A plausible interpretation is that the pulsar is rapidly moving away from its birth place, giving rise to a bow shock and the X-ray and radio trail. While the X-rays trace recently injected highest-energy, short-lived electrons, the radio nebula corresponds to lower energy electrons accumulated since the earlier stages of pulsar history. The position difference between pulsar and radio nebula could be attributed to pulsar motion, to a deformation and shift of the radio nebula by the ``reverse'' shock moving inwards from the expanding supernova shell (Bondin et al. 2001) or a combination thereof.

With an estimated spin-down energy of a few 10^37 erg/s, G327.1-1.1 would be expected to show detectable very high energy gamma ray emission.

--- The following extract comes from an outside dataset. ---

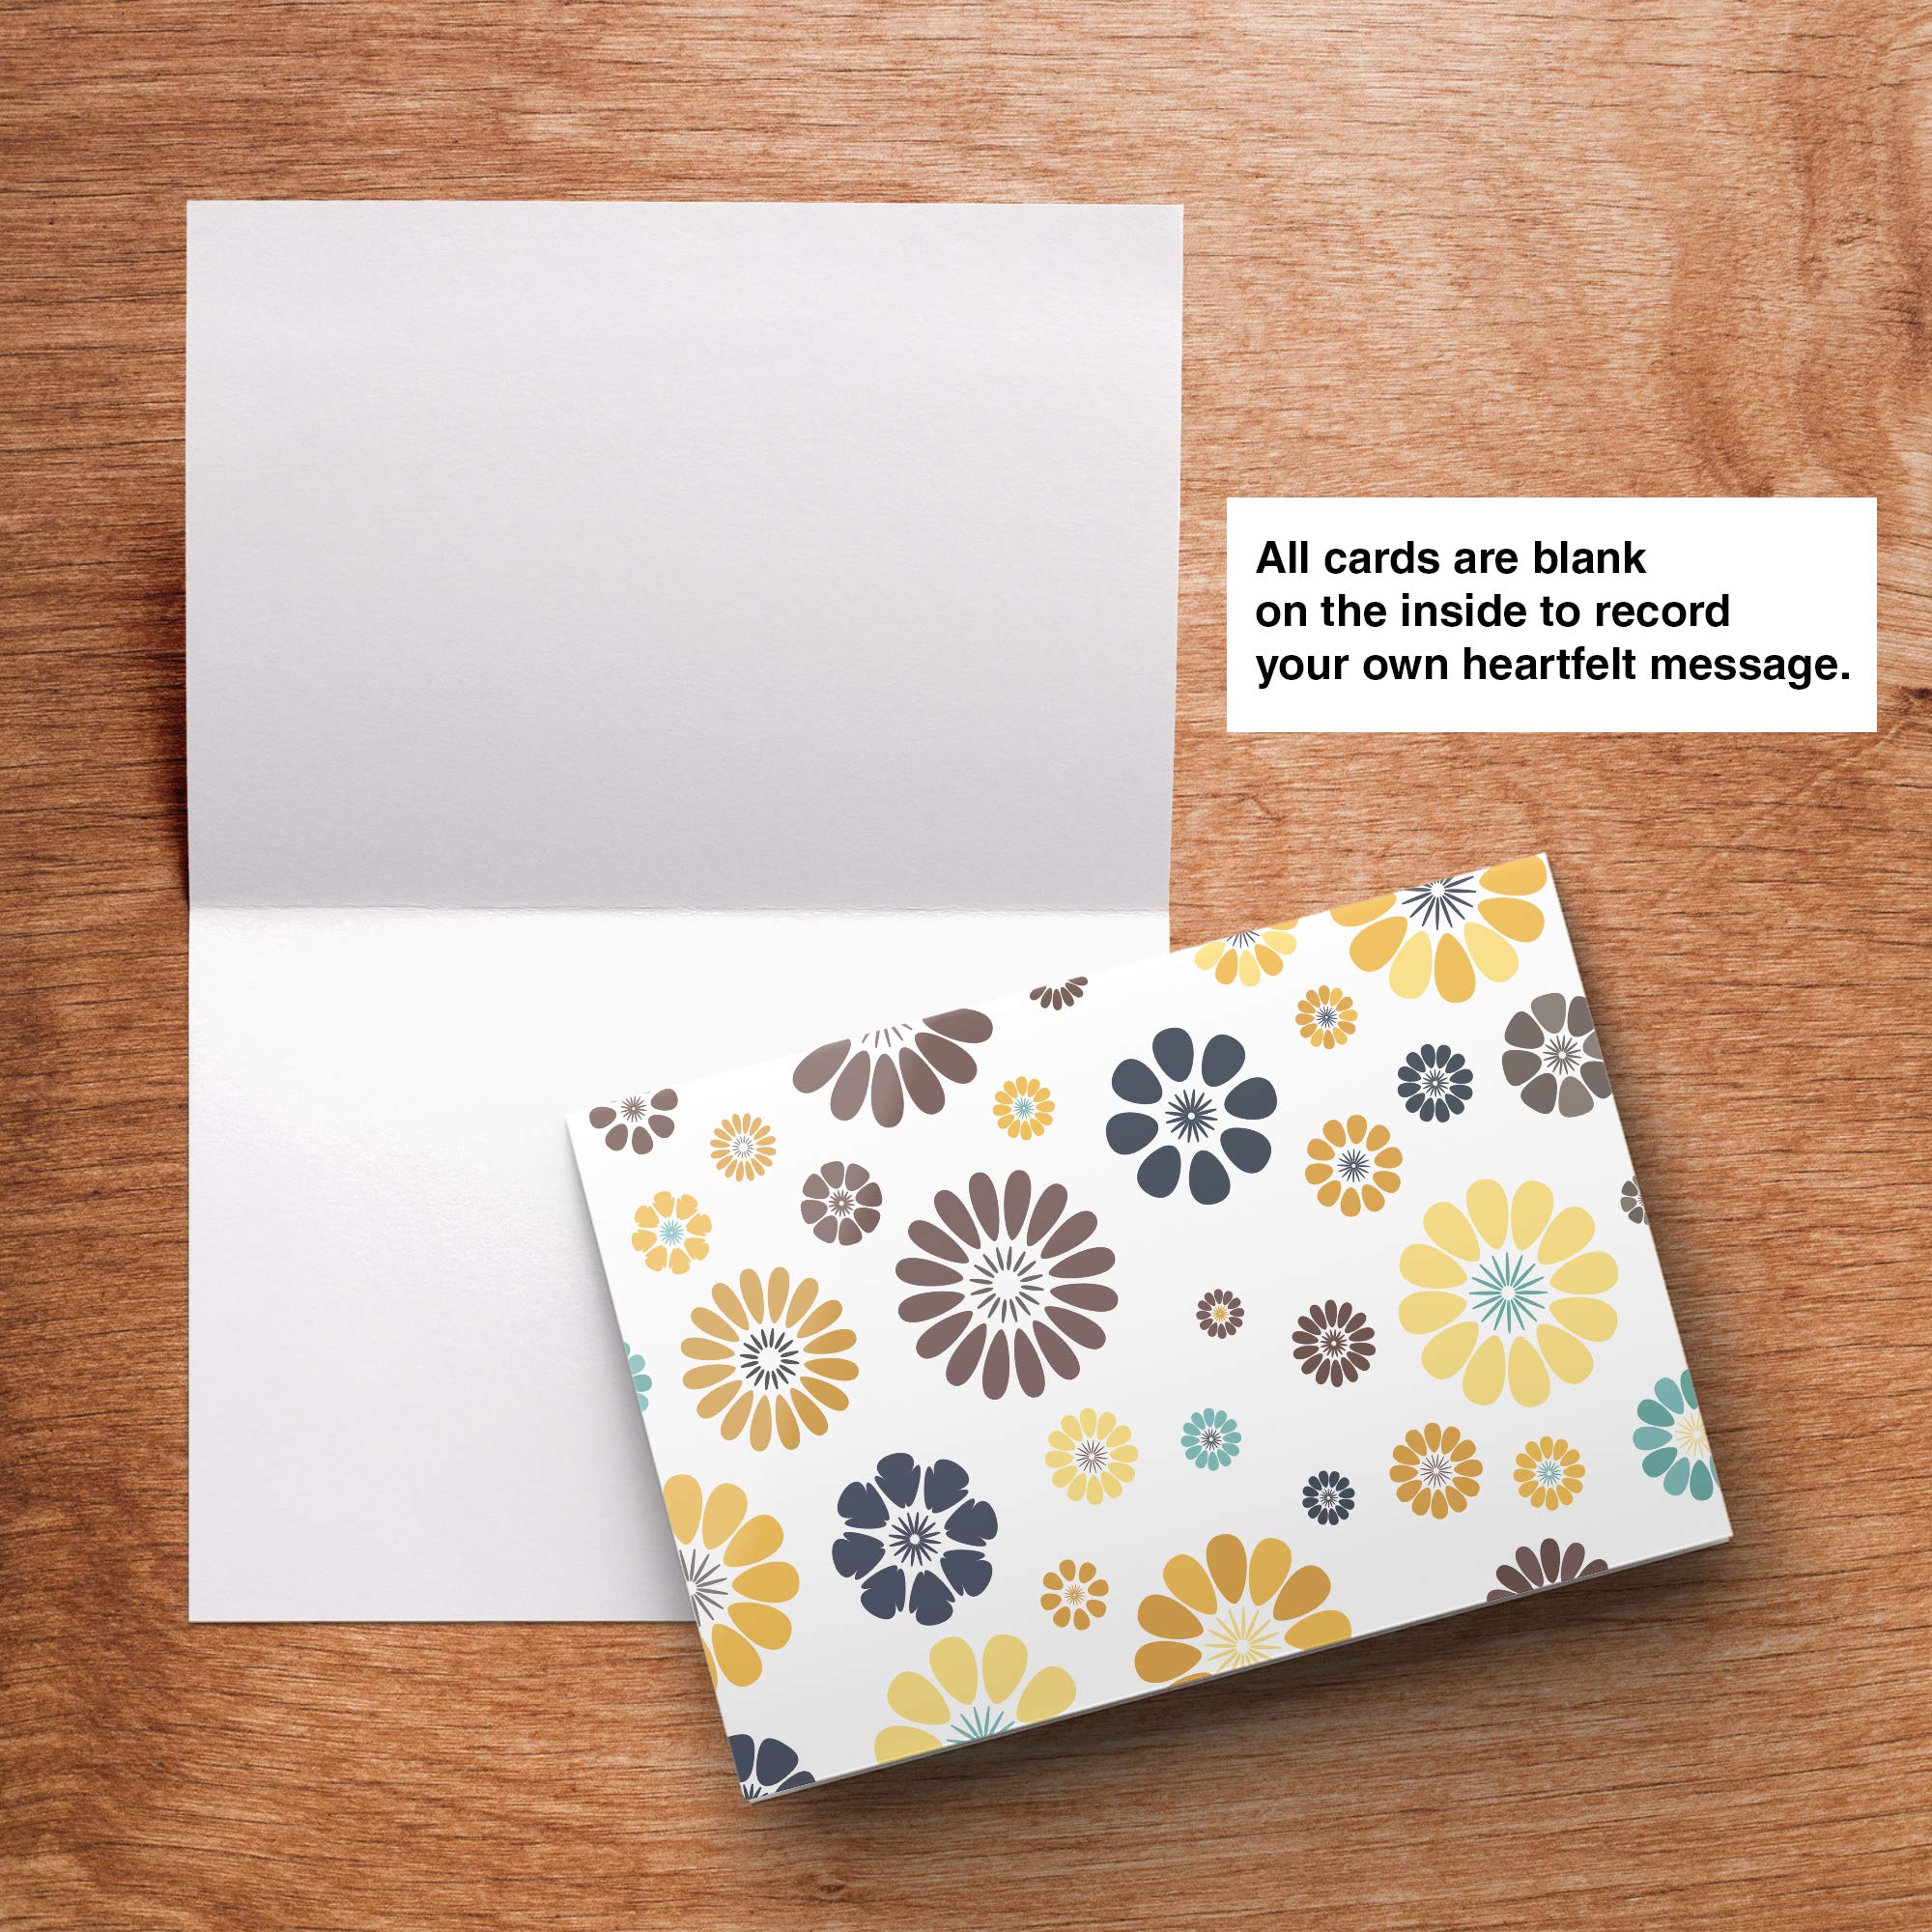 Dessie 100 Unique Blank Cards With Envelopes All Occasion - 4x6 Inch Blank Greeting Cards w/Colored Envelopes & Gold Seals. No Repetition. Note Cards with Envelopes Set

In 46 h of H.E.S.S. data, indeed a 8 sigma signal is observed. The gamma ray emission coincides with the radio nebula; no emission is seen from the supernova shell (Fig. 3). The gamma rays have a hard spectrum, with a spectral index around 2.1, extending beyond 10 TeV, with a flux of about 1.5% of the Crab flux. The centroid of the gamma ray emission is shifted slightly towards the pulsar (white cross in Fig. 3). Like the radio emission, the gamma rays trace lower energy electrons and reveal the full history of the pulsar wind nebula, whereas the high-energy X-ray emitting electrons probe the recent past.

Reference: "H.E.S.S. observations of the finger nebula", H.E.S.S. collaboration, F. Acero et al., submitted to the 32nd International Cosmic Ray Conference, Beijing, 2011.


fig1
Fig. 1: 843 MHz radio image of the supernova remnant G327.1-1.1, from the MOST supernova remnant catalog. The cross indicates the location of the suspected pulsar.
fig2
Fig. 2: Zoomed-in XMM X-ray image of the inner region of G327.1-1.1, from Temim et al. (2009). Radio contours are shown in white.
fig3
Fig. 3: Superimposed radio (red), X-ray (green) and very high energy gamma ray (blue) images of G327.1-1.1.